Depois, quando após a publicação reli esse texto, conclui que o relato do percurso militar do Eduardo Veiga, bem que poderia ser (e é, certamente) o relato de muitos dos antigos militares que passaram pela guerra colonial, ou outro nome que lhe queiram dar.
Militares anónimos e sem rosto, servindo apenas para as estatísticas e números de leitura global, como, por exemplo,” foram mobilizadas para servirem nas ex-províncias ultramarinas, durante os treze anos de guerra xxx militares”.
Contudo, cada um dos xxx militares que constam das estatísticas e dos números que se leem gelidamente, sem ponta de emoção, têm um rosto, tem, uma vida que todos devemos conhecer, tem uma história a contar. Igual, ou diferente, da narrativa do Eduardo Veiga, mas todos têm uma história. Não é, pois, um mero número, um simples ponto numa estatística. É um ser humano e como tal deve ser respeitado.

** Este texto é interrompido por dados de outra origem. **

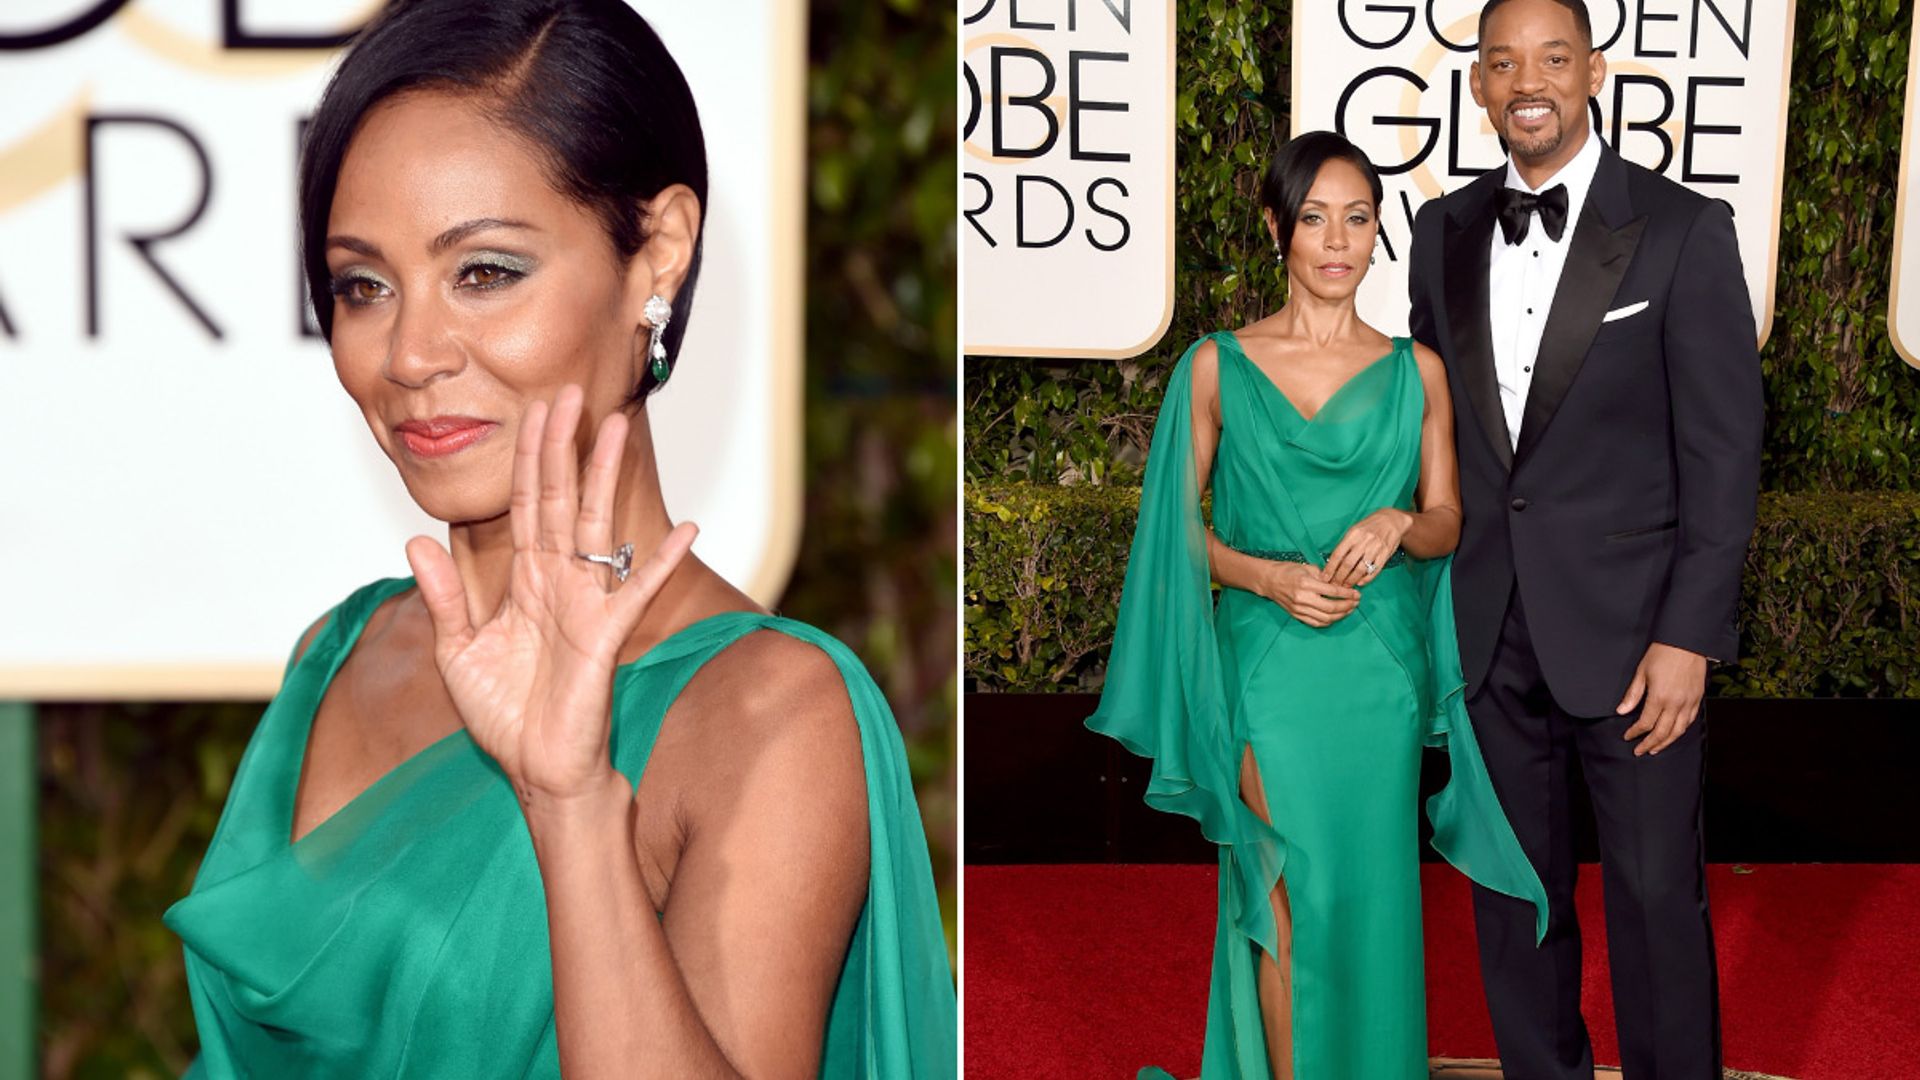 Jada Pinkett Smith's engagement ring from Will Smith cost more than a Ferrari

O Eduardo Veiga, ao considerar ter chegado a hora de “deixar os fantasmas para trás e viver os dias em sossego”, relatando-nos os seus mais três anos de vida militar, deixou para sempre de pertencer a essa imensa multidão de militares anónimos que fazem parte das tais estatísticas. Ele alcançou o reconhecimento pessoal de todos nós e posso até dizer que obteve uma espécie de perpetuidade (que não a imortalidade, que é coisa diferente). Os seus filhos e netos poderão ler o seu texto e regozijar-se com o seu passado.

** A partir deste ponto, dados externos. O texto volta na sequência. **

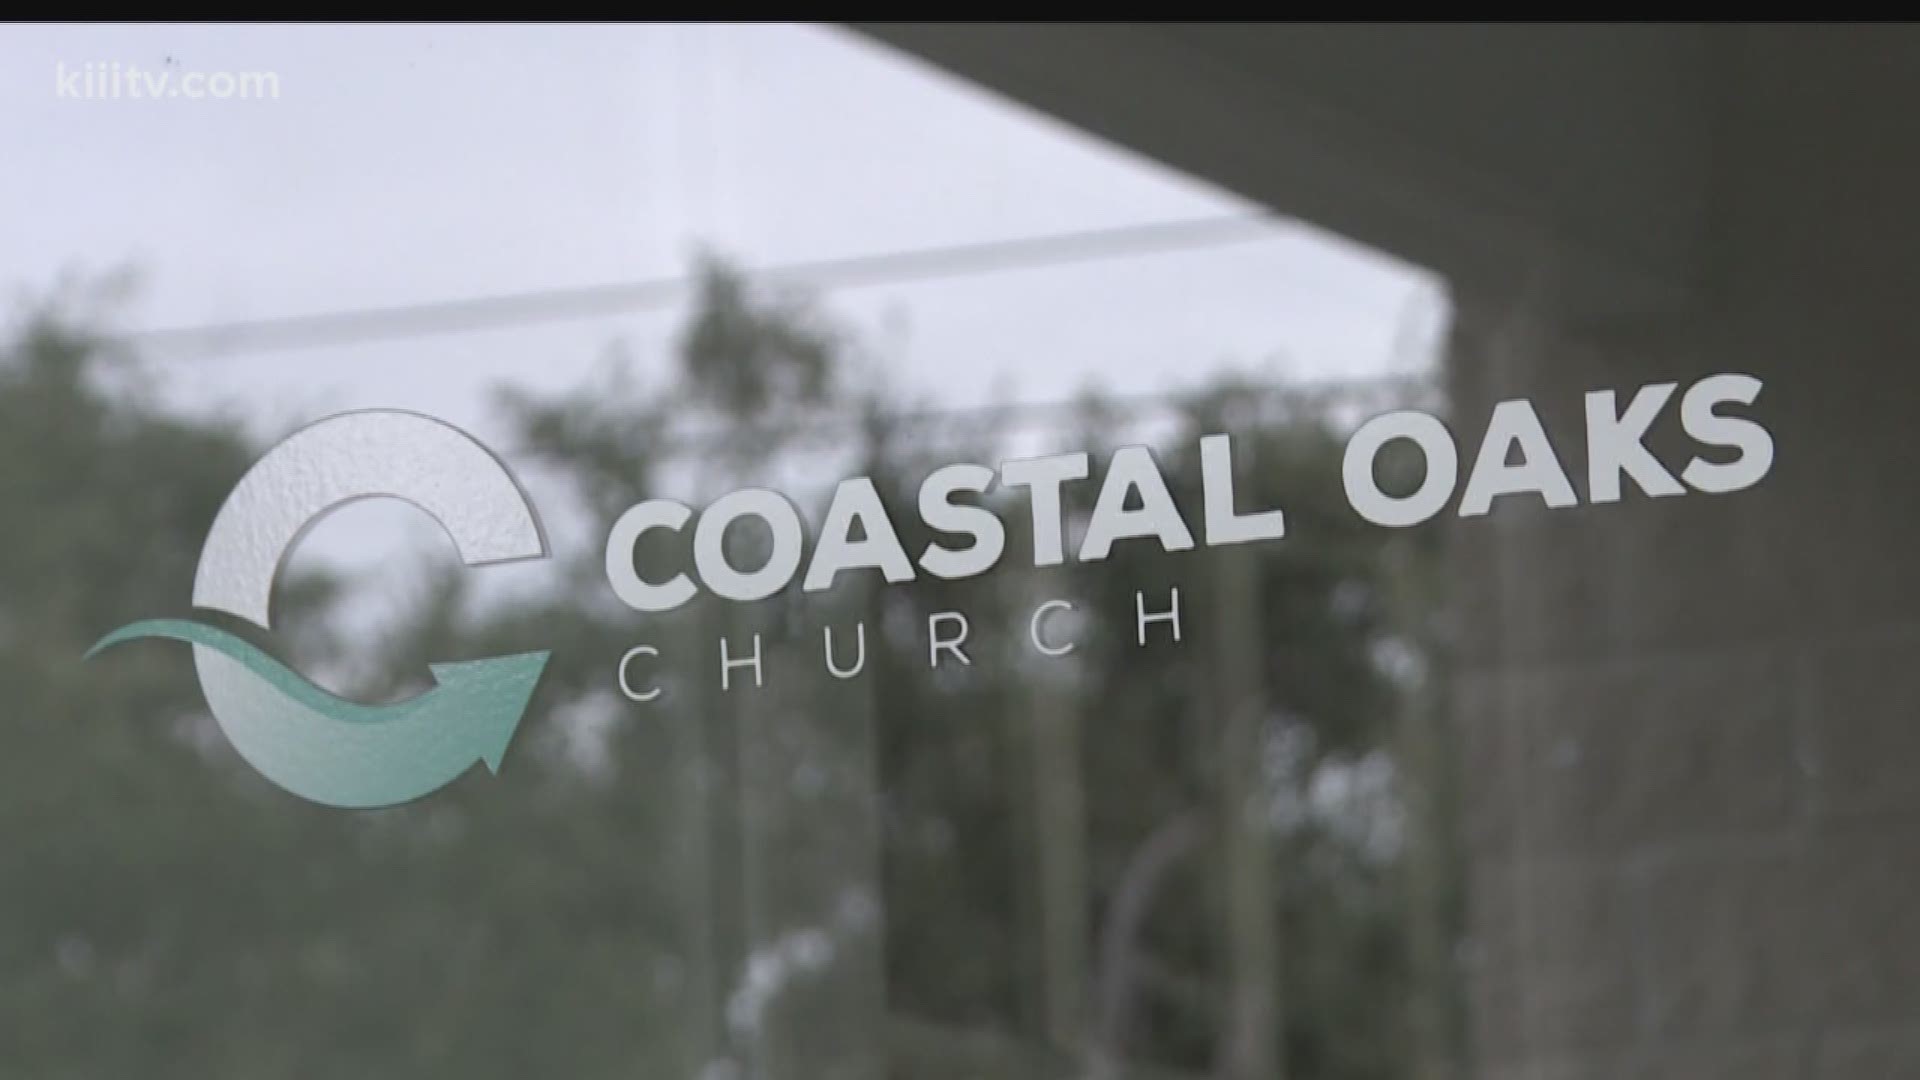 More than a year after Hurricane Harvey, the Coastal Oaks Church in Rockport is gathering supplies to send to one of the hardest hit areas in Central Texas.

A vida militar do Eduardo Veiga é sem dúvida similar à vida militar de milhares de outros “Eduardos Veiga” que serviram a Pátria nos três teatros de operações da guerra colonial. Senão vejamos: 1) amparo de mãe; 2) casado); 3) à espera de filho; 4) andou em “bolandas” de um lado para o outro, sendo colocado em várias companhias. Quantos não passaram por situações semelhantes?
Duas frases quero ainda destacar no discurso do Eduardo Veiga: O seu pensamento nas horas más que passou em Angola “eu tenho de sair daqui porque alguém está a minha espera”. Quantos de nós não tivemos o mesmo pensamento nos momentos mais difíceis?

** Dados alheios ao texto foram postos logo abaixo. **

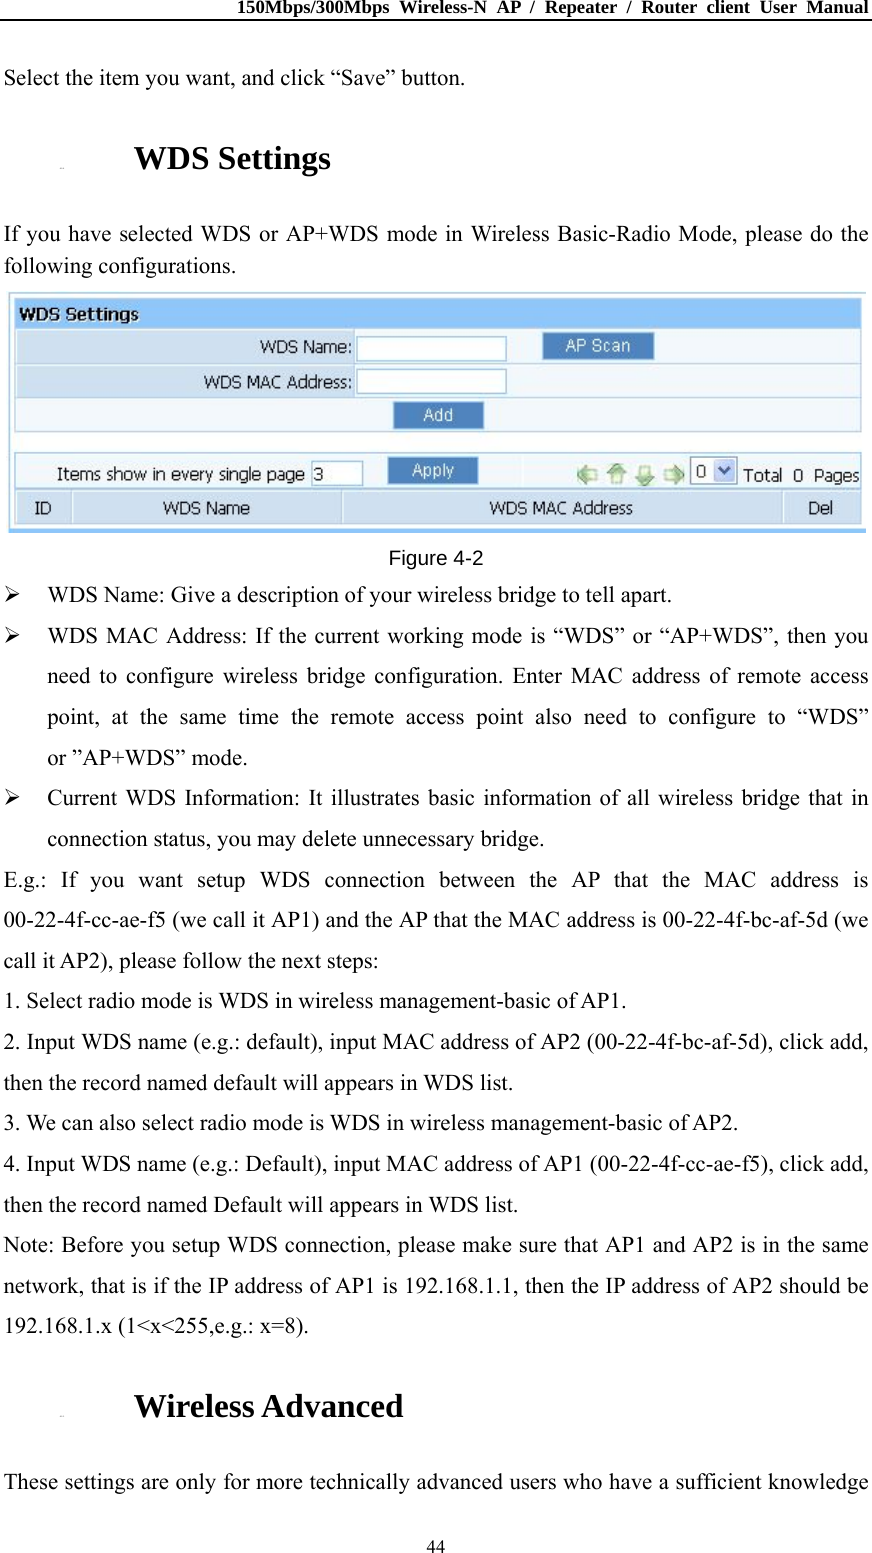 150Mbps/300Mbps Wireless-N AP / Repeater / Router client User Manual  44Select the item you want, and click “Save” button. 4.5.4. WDS Settings If you have selected WDS or AP+WDS mode in Wireless Basic-Radio Mode, please do the following configurations.  Figure 4-2  WDS Name: Give a description of your wireless bridge to tell apart.  WDS MAC Address: If the current working mode is “WDS” or “AP+WDS”, then you need to configure wireless bridge configuration. Enter MAC address of remote access point, at the same time the remote access point also need to configure to “WDS” or ”AP+WDS” mode.  Current WDS Information: It illustrates basic information of all wireless bridge that in connection status, you may delete unnecessary bridge. E.g.: If you want setup WDS connection between the AP that the MAC address is 00-22-4f-cc-ae-f5 (we call it AP1) and the AP that the MAC address is 00-22-4f-bc-af-5d (we call it AP2), please follow the next steps: 1. Select radio mode is WDS in wireless management-basic of AP1. 2. Input WDS name (e.g.: default), input MAC address of AP2 (00-22-4f-bc-af-5d), click add, then the record named default will appears in WDS list. 3. We can also select radio mode is WDS in wireless management-basic of AP2. 4. Input WDS name (e.g.: Default), input MAC address of AP1 (00-22-4f-cc-ae-f5), click add, then the record named Default will appears in WDS list. Note: Before you setup WDS connection, please make sure that AP1 and AP2 is in the same network, that is if the IP address of AP1 is 192.168.1.1, then the IP address of AP2 should be 192.168.1.x (1&lt;x&lt;255,e.g.: x=8). 4.5.5. Wireless Advanced These settings are only for more technically advanced users who have a sufficient knowledge

A sua colocação na 3ª Companhia do Batalhão de Caçadores 4611/72 “em boa hora aconteceu…porque além de tudo, me permitiu conhecer amigos que ainda hoje permanecem na minha memória e não só”. Que melhor definição de amizade e de camaradagem poderíamos nós encontrar?
Por tudo isto, muito obrigado Eduardo Veiga. Um grande, muito grande abraço.